Like Producer the properties for the consumer are::

bootstrap.servers=localhost:9092
key.deserializer=org.apache.kafka.common.serialization.LongDeserializer
value.deserializer=org.apache.kafka.common.serialization.StringDeserializer
group.id=kafka-consumer-1

bootstrap.servers is same as producer. Consumer requires deserialization and properties key.deserializer, value.deserializer provides that information. You need to provide your own implementation in case if you sending your own message type. Other configurations are also there like SSL which you can read on Kafka Documentation site. As our examples are pretty simple we are not dealing with other configuration options.

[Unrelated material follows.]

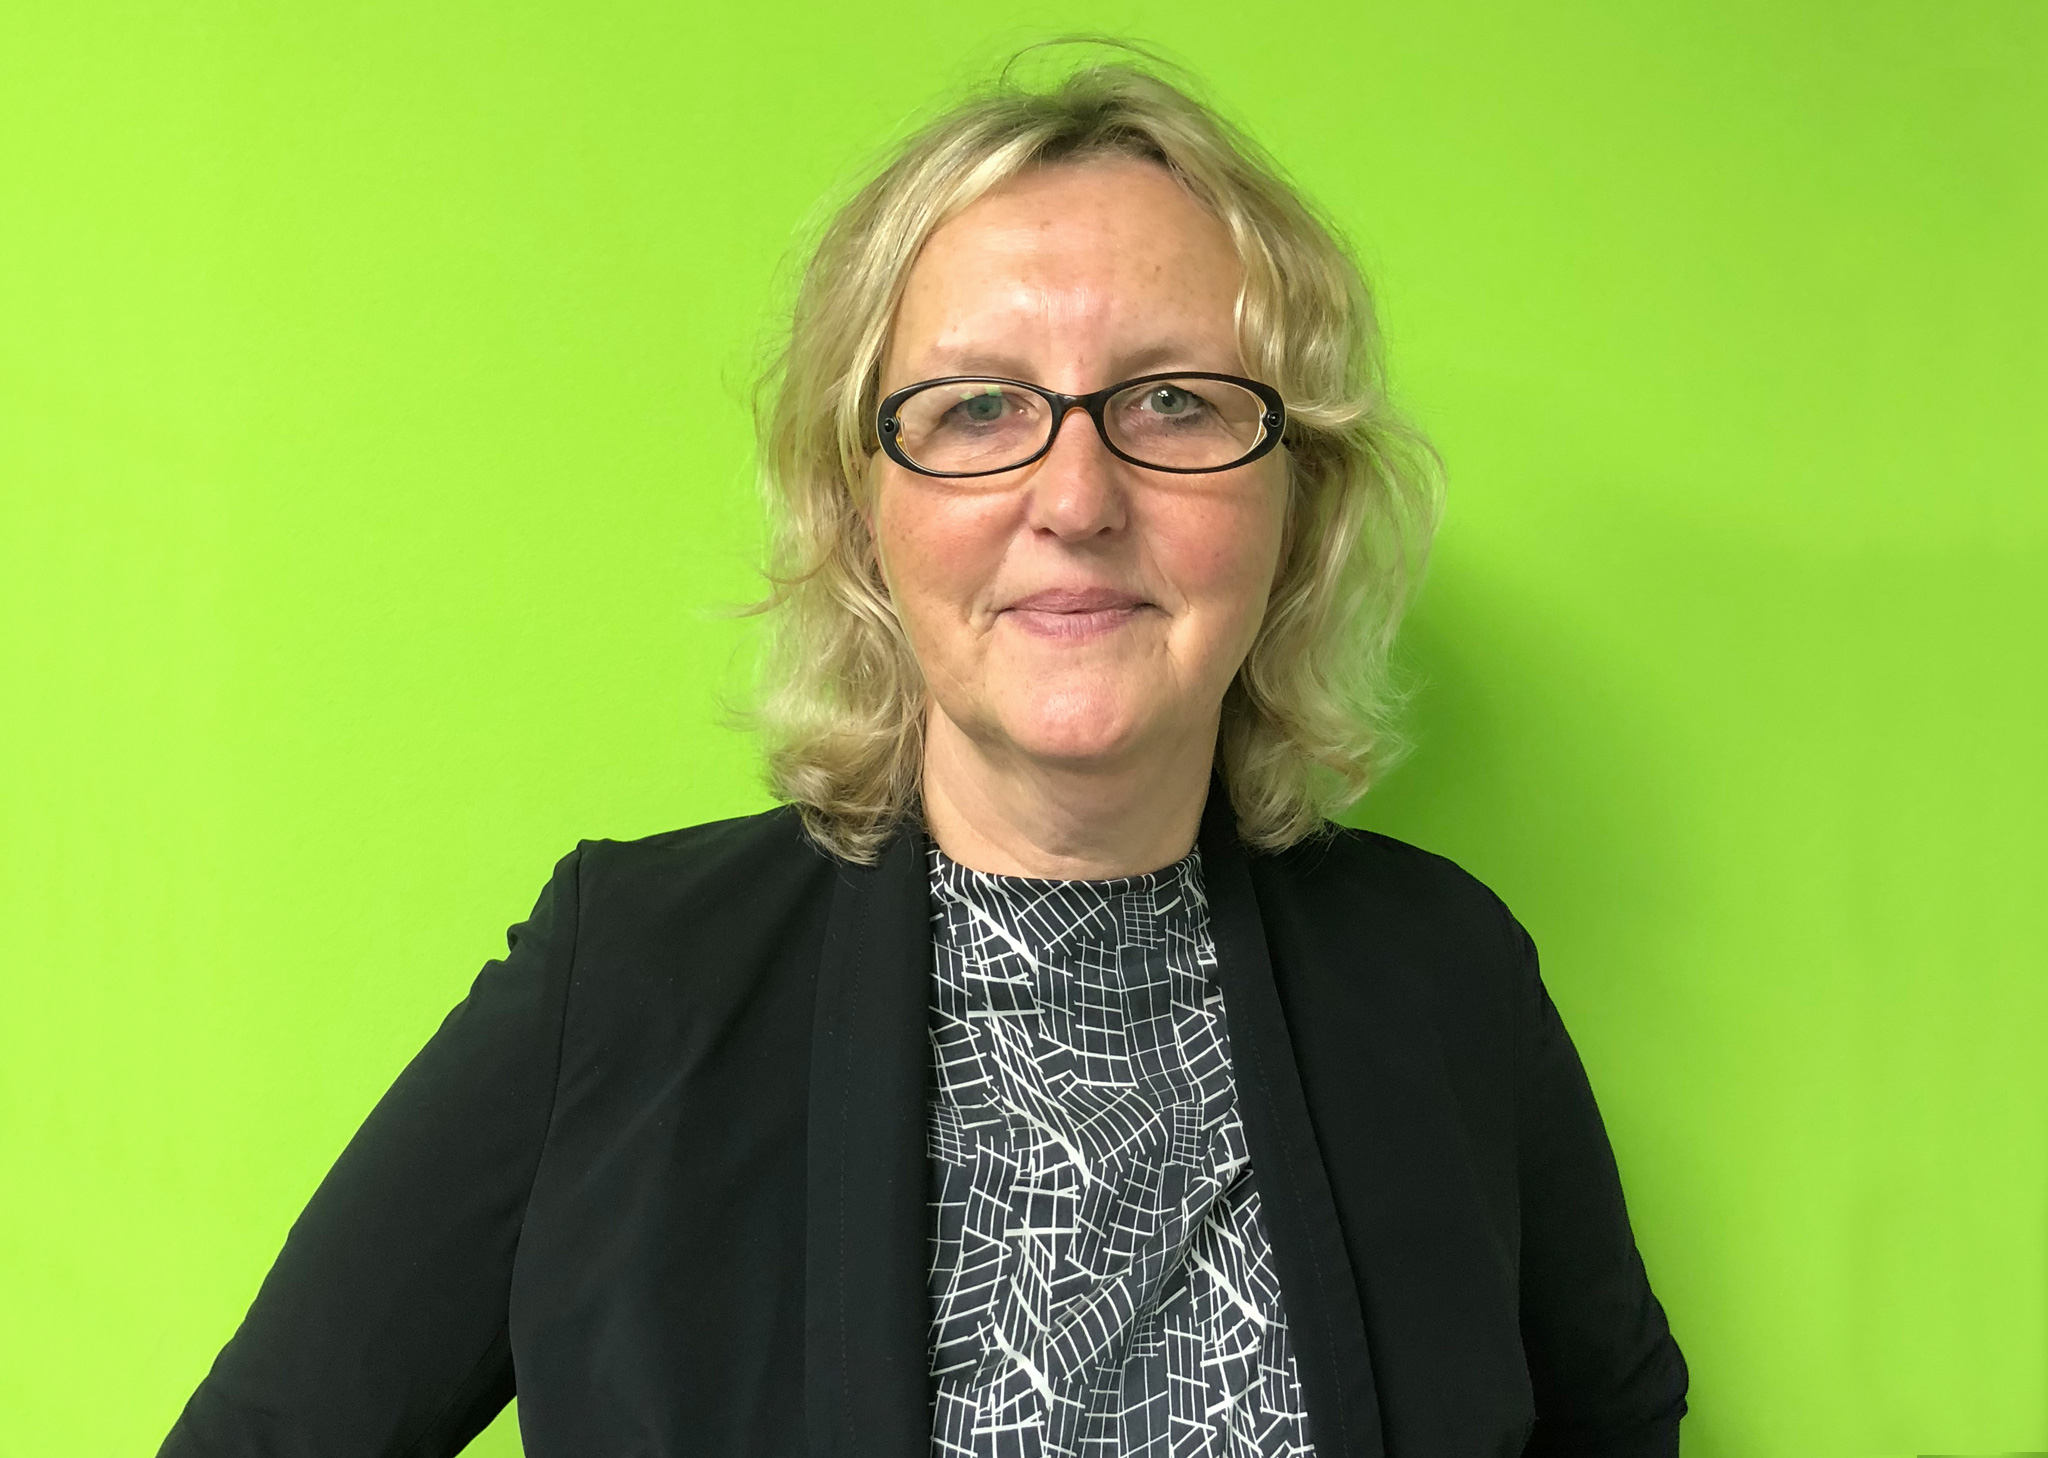 WindPlan GmbH Geschäftsführer Kayen Witthohn

Serialization And Deserialization

If you have a custom message schema and if you want to send it to a Topic in Kafka you will need to implement org.apache.kafka.common.serialization.Serializer and org.apache.kafka.common.serialization.Deserializer. There are various Serializer available in the market like Jackson (for JSON), XStream (for XML), Smile, Kryo (a fast, compact binary serialization format) or you can use Java Object Serialization. For this example, I am using Kryo.

package com.kafka.sample;

import java.util.Date;
import java.util.Map;

import org.apache.kafka.common.serialization.Deserializer;
import org.apache.kafka.common.serialization.Serializer;

import com.esotericsoftware.kryo.Kryo;
import com.esotericsoftware.kryo.io.ByteBufferInput;
import com.esotericsoftware.kryo.io.ByteBufferOutput;
import com.esotericsoftware.kryo.io.Input;
import com.esotericsoftware.kryo.io.Output;

public class KryoSerialization implements Serializer<Employee>,Deserializer<Employee> {

	private ThreadLocal<Kryo> kryos = new ThreadLocal<Kryo>() {
		protected Kryo initialValue() {
			Kryo kryo = new Kryo();
			kryo.addDefaultSerializer(Employee.class, new KryoSerializer());
			return kryo;
		};
	};

	@Override
	public void configure(Map<String, ?> configs, boolean isKey) {

	}

	@Override
	public Employee deserialize(String topic, byte[] data) {
		Employee employee = kryos.get().readObject(new ByteBufferInput(data), Employee.class);
		return employee;
	}

	@Override
	public byte[] serialize(String topic, Employee data) {
		ByteBufferOutput output = new ByteBufferOutput(100);
		kryos.get().writeObject(output, data);
		return output.toBytes();
	}

	@Override
	public void close() {
			kryos.remove();
	}

	private static class KryoSerializer extends com.esotericsoftware.kryo.Serializer<Employee> {

		@Override
		public Employee read(Kryo kryo, Input input, Class<Employee> clazz) {
			Employee emp = new Employee();
			emp.setEmpId(input.readLong());
			emp.setFirstName(input.readString());
			emp.setLastName(input.readString());
			emp.setJoiningDate(new Date(input.readLong(true)));
			return emp;
		}

		@Override
		public void write(Kryo kryo, Output output, Employee message) {
			output.writeLong(message.getEmpId());
			output.writeString(message.getFirstName());
			output.writeString(message.getLastName());
			output.writeLong(message.getJoiningDate().getTime(), true);
		}

	}
}

Serializer and Deserializer have two methods serialize and deserialize and what we are doing in this two method is handing over the task to Kryo. The write and read sequence of data in KryoSerializer will be same as you can see in the read and write method. We'll require changing our properties file to use this new serializer in producer and consumer.

Thus we have seen the basics of Apache Kafka, its use cases, installation and working with Apache Kafka API's in Java. Many projects like real time based and streaming based uses Apache Kafka and I hope this post helps you get started with Apache Kafka. If you want to experiment with the examples you can find the source here.